Für die Beschreibung ist die Arbeit entsprechend der galaktischen Struktur gegliedert. Ich bearbeite die Völker nicht nach Spezies, das würde ohnehin nicht funktionieren, da die meisten Spezies keine exklusive Kultur besitzen sondern in vielen auftauchen. Ich arbeite mich durch die Quadranten.

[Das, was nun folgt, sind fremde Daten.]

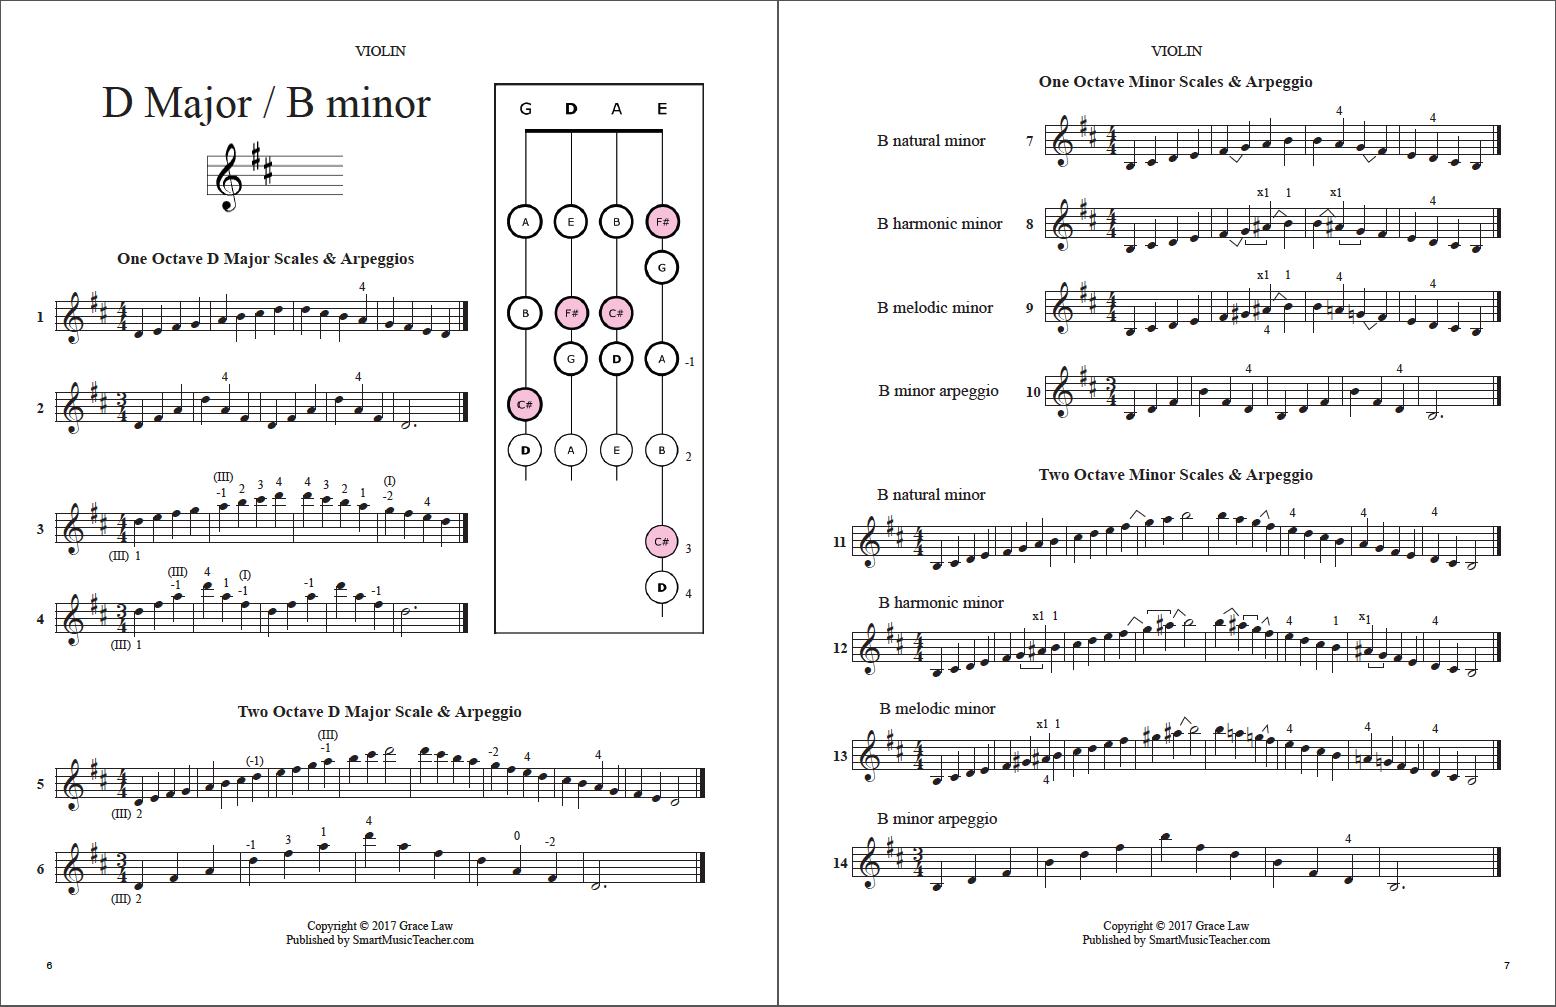 Smart Scales for Strings - Violin, Viola, Cello, Bass, Score

Ein Quadrant definiert sich durch seine kohärente Zusammensetzung der Folgen des Zusammenbruchs. Am deutlichsten wird dies am Alter, zumindest wenn sich die Kellarite hier nicht nurt indirekt durch ihre Bonds eingesetzt haben, sondern hier selbst aktiv waren, in die Bedingungen zB der Physik eingegriffen haben oder extensive Aktivitäten ausübten. Je größer der Einfluß der Kellarite, desto drastischer die Folgen des Zusammenbruchs. Das ehemalige Zentrum der Kellarite selber ist unbekannt, ein von ihnen extrem stark bevölkerte und veränderter Sektor der Galaxis ist heute derjenige, in dem der Zusammenbruch am längsten her ist. Erstaunlicherweise ist ein anderer, sehr von ihnen frequentierter Quadrant ist aber auch der jüngste. Dort, wo sich alles am 'ruhigste' und 'normalsten' entwickelt hat, waren die Kellarite selbst am wenigsten vertreten.